Schematic overview of the dual computational pipeline used for NTCP modeling. The workflow shows: (A) Patient selection and DVH extraction, (B) Dual-pipeline NTCP calculation (RBMODV1(i.e., RBMODELv1) in MATLAB and Python implementation), (C) Traditional radiobiological modeling (LKB, EUD, RS), (D) Exploratory ML analysis (ANN, XGBoost with SMOTE) and (E) Statistical validation including Bland–Altman analysis for computational agreement and DeLong test for model comparison.

Figure 1. Study flowchart and computational framework.
Results
Patient cohort and toxicity events
Patient and treatment characteristics are summarised in Table 1. The cohort was representative of a typical head and neck cancer population, with a median age of 56 years (range, 28–74), a predominance of male patients (66.7%), a high proportion of advanced-stage disease (70.6% Stage III–IV) and a mix of treatment techniques (3DCRT 45%, VMAT 55%). Grade ≥ 2 toxicity events were infrequent, with xerostomia observed in three patients (5.9%), dysphagia in five patients (9.8%) and mucositis in four patients (7.8%). While these low event rates are consistent with contemporary radiotherapy techniques and adherence to established dose constraints, they resulted in pronounced class imbalance across endpoints, with event-to-non-event ratios ranging from approximately 1:9 to 1:16. This imbalance limits the statistical power available for model discrimination analyses, particularly for multivariable and ML approaches [58]. Consistent with this, post-hoc power estimation indicated that the available sample size provided approximately 30%–40% power to detect an AUC difference of 0.15 at a two-sided α = 0.05 [40]
DVH characteristics
Mean organ doses across the cohort were 42.8 ± 14.8 Gy for the parotid glands, 48.1 ± 11.9 Gy for the larynx and 48.7 ± 12.0 Gy for the oral cavity. Patients who developed Grade ≥ 2 toxicities generally received higher mean organ doses compared with those without such events, although differences did not consistently reach statistical significance. Specifically, mean parotid dose was 53.5 Gy versus 42.1 Gy (p = 0.204), mean laryngeal dose was 51.7 Gy versus 47.7 Gy (p = 0.527) and mean oral cavity dose was 60.8 Gy versus 47.7 Gy (p = 0.030) for patients with and without Grade ≥ 2 toxicity, respectively. These comparisons should be interpreted cautiously, given the limited number of events per endpoint. Only six patients (11.8%) achieved the QUANTEC-recommended constraint of a mean parotid dose ≤ 25 Gy, [6] reflecting the challenge of meeting stringent dose–volume objectives in routine clinical practice for locally advanced head and neck cancers.
3DCRT, three-dimensional conformal radiotherapy; VMAT, volumetric modulated arc therapy. Grade ≥2 toxicity defined per CTCAE v5.0 criteria
Dual-pipeline computational validation
Bland–Altman analysis demonstrated excellent agreement between the MATLAB-based and Python-based pipelines across all organs for the LKB model (Figure 2).
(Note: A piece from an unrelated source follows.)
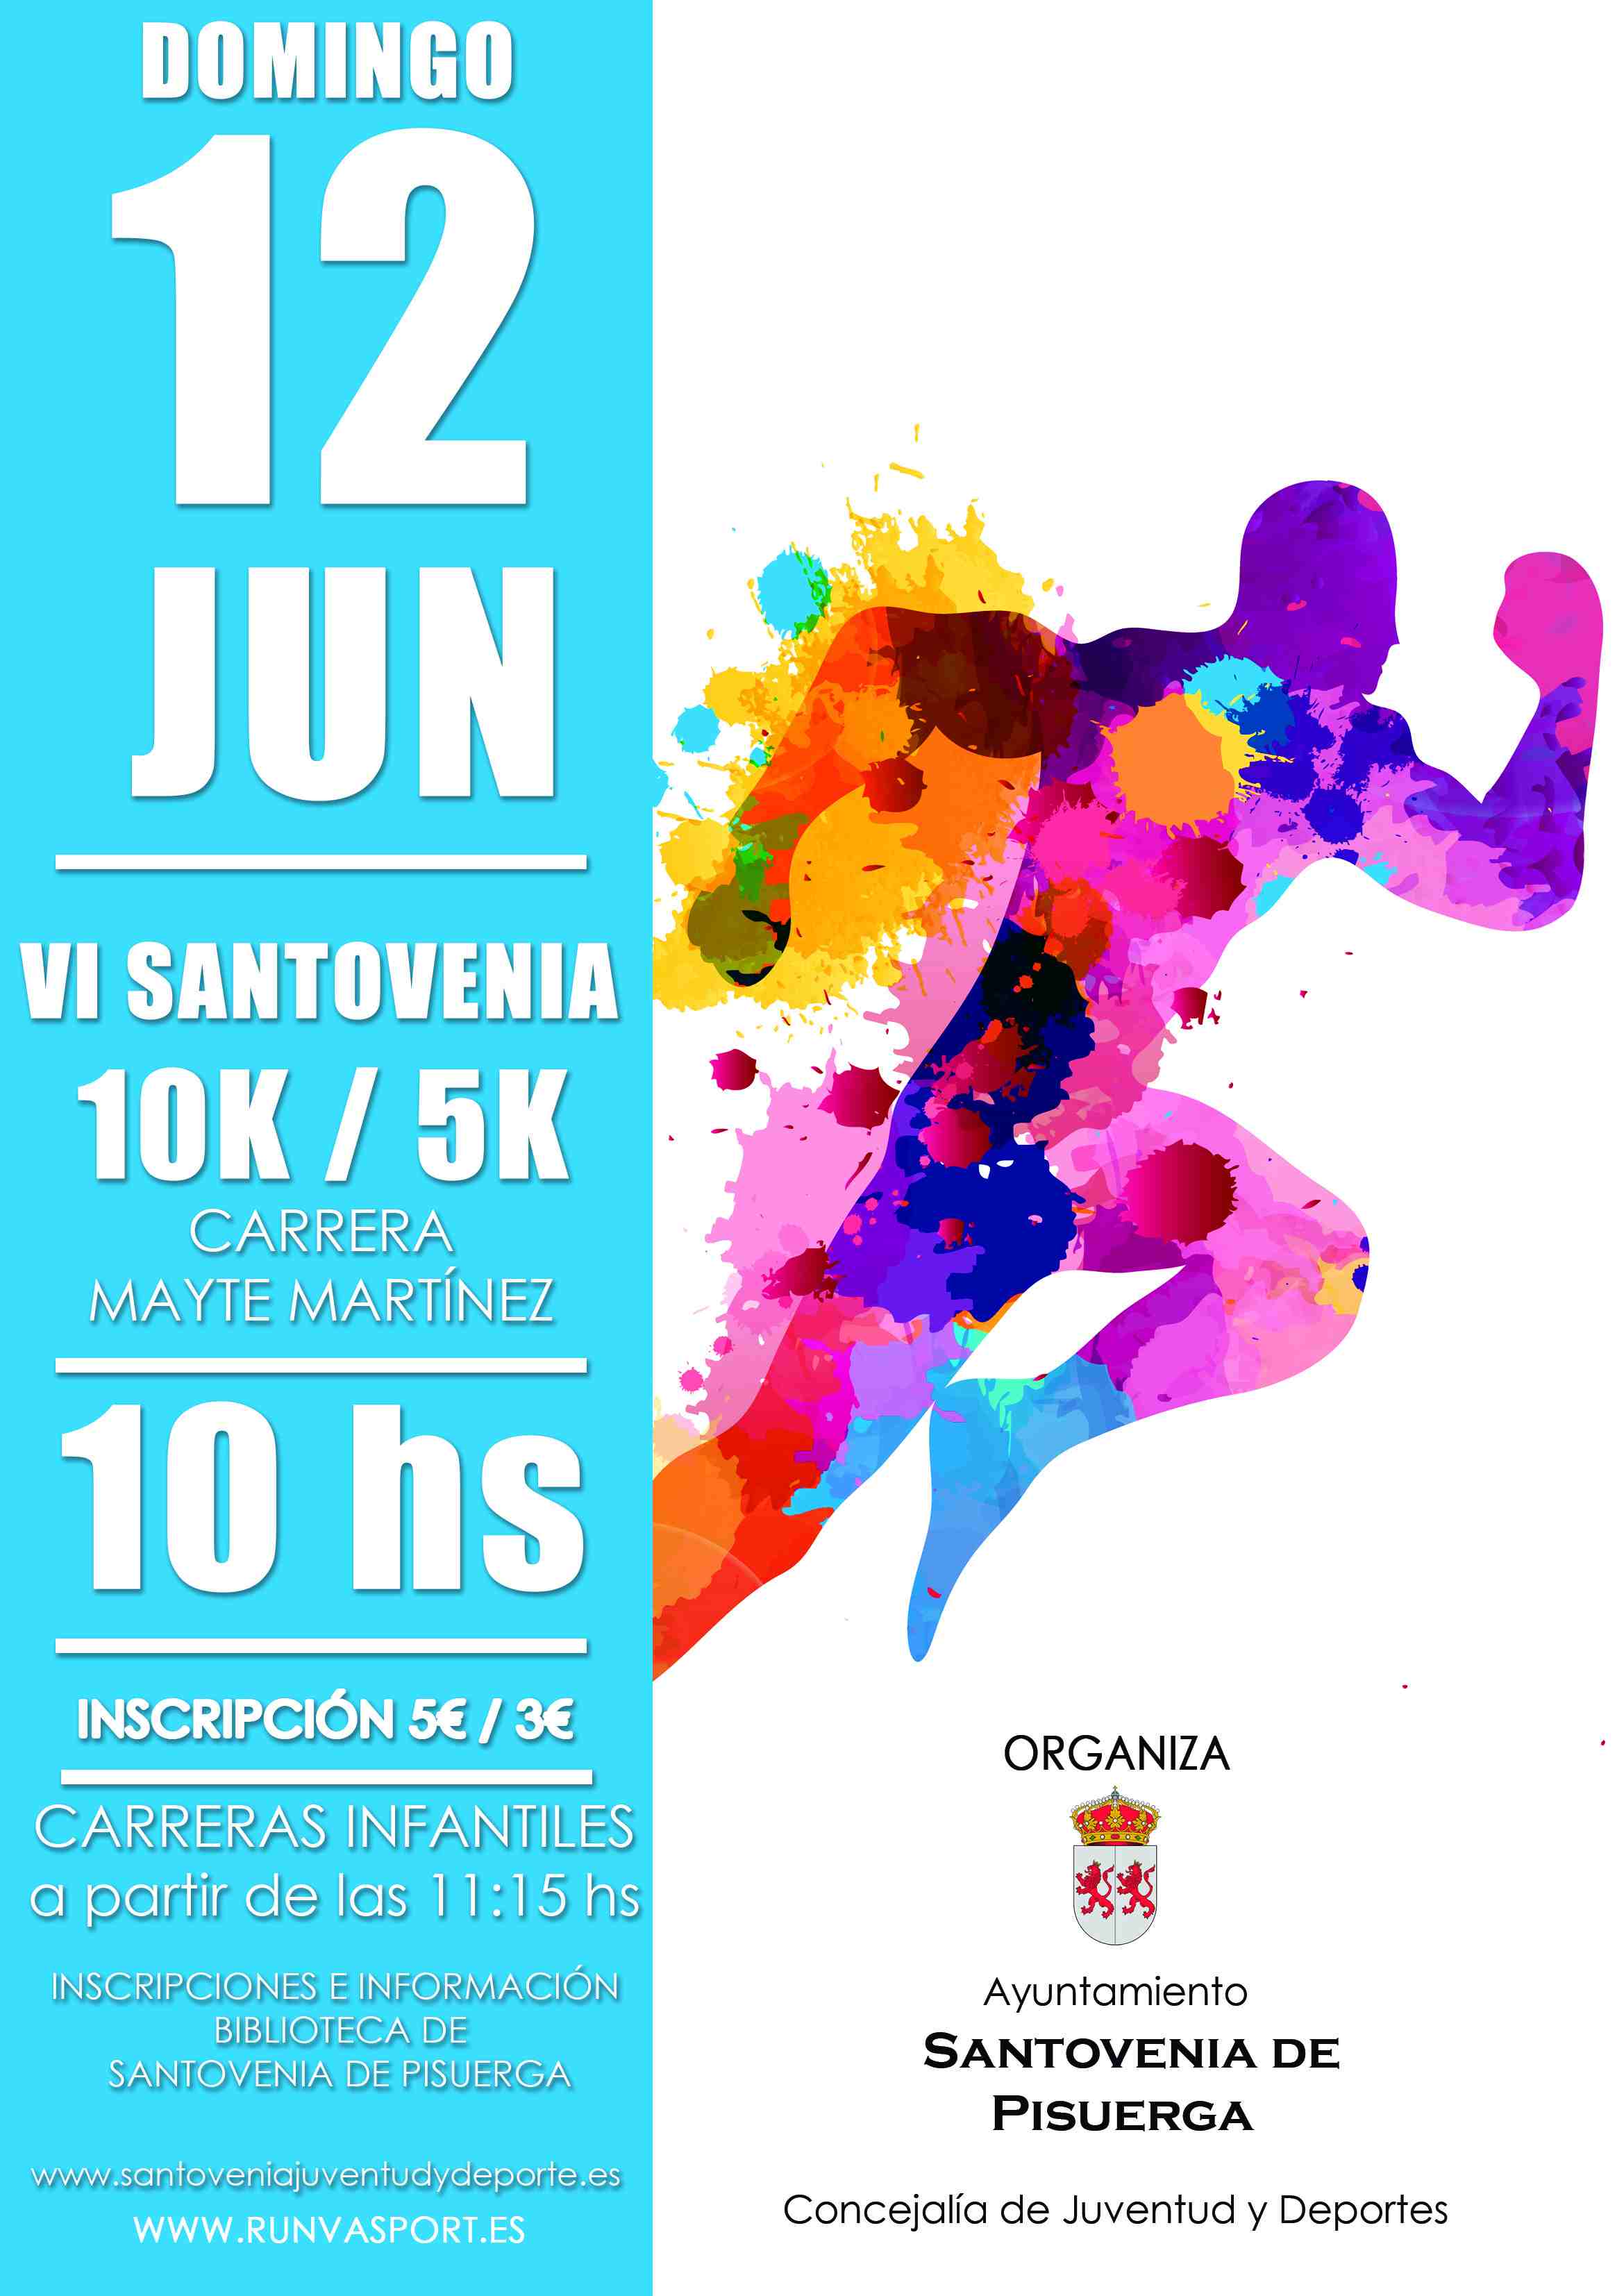 Event Poster VI SANTOVENIA 10K/5K CARRERA MAYTE MARTINEZ

The mean bias was 0.8%, with 95% limits of agreement ranging from −1.9% to +3.5%, meeting the predefined acceptability criteria (mean bias <3% and limits within ±5%). The maximum observed individual deviation was 2.4% and occurred at higher NTCP values (>80%), where small absolute differences result in larger relative percentage differences. Separate Bland–Altman analyses for the EUD and RS model outputs yielded comparable agreement bounds (mean bias <1.0%, 95% LoA within ±4.0% for all evaluated models); however, detailed panels are not presented as LKB served as the primary validation model for this study. Overall, these findings indicate that, when identical mathematical formulations and numerical conventions are applied, NTCP calculations are reproducible and computationally consistent across software platforms.
Bland–Altman plots demonstrating agreement between MATLAB-based RBMODELv1 and independent Python pipeline NTCP calculations for the LKB model across all three organs: (A) Parotid LKB model, (B) Larynx LKB model, (C) Oral cavity LKB model. X-axis shows mean NTCP between two implementations; Y-axis shows difference (Python - MATLAB) as percentage. Solid horizontal line indicates mean bias (0.8%); dashed lines show 95% limits of agreement (−1.9% to +3.5%). Agreement meets pre-defined acceptability criteria (bias <3%, limits within ±5%), confirming computational reproducibility. Maximum deviation of 2.4% occurred at high NTCP values (>80%). Detailed Bland–Altman panels for EUD and RS model outputs are not separately shown; EUD and RS agreement was confirmed to fall within comparable acceptability bounds (mean bias <1.0%, 95% LoA within ±4.0%).
Table 1. Patient and treatment characteristics (N = 51).

Traditional NTCP model performance
Benchmarking results for traditional NTCP models are summarised in Table 2. The LKB probit model demonstrated the highest discrimination across all three endpoints, with AUC values of 0.89 for parotid toxicity, 0.88 for laryngeal toxicity and 0.91 for oral cavity toxicity, although confidence intervals were wide owing to the limited number of events. The EUD-based model achieved comparable discrimination for dysphagia (AUC 0.83) and xerostomia (AUC 0.82), but showed lower performance for mucositis (AUC 0.64). The RS model demonstrated lower discrimination for parotid toxicity (AUC 0.59, 95% CI 0.46–0.72), consistent with the known limitations of serial-organ modeling when applied to predominantly parallel organ architectures such as the parotid glands.
Rank-order associations between calculated NTCP values and observed toxicity grades were moderate to strong across endpoints (ρ² = 0.37–0.63, all p < 0.001), indicating robust relative risk stratification despite potential uncertainty in absolute probability calibration (Figure 3). Reported accuracy values (85.0%–94.1%) largely reflected correct classification of the majority class (absence of Grade ≥ 2 toxicity) and were therefore not interpreted as indicators of clinical utility in the context of severe class imbalance [51].
Institution-specific parameter estimation revealed systematic differences compared with QUANTEC-recommended values. In particular, the parotid TD50 was estimated at 34.1 Gy, compared with 39.0 Gy reported in QUANTEC, with a corresponding slope parameter m of 0.11 versus 0.18 as shown in the institute-specific dose-response curves (Figure 4). The detailed comparison of parameters is given in Table 3. These differences may reflect a combination of population-specific factors, differences in toxicity assessment methodology and contemporary treatment practices, including a higher proportion of VMAT use in the present cohort (55%) relative to earlier QUANTEC-era studies [1, 15, 59–62].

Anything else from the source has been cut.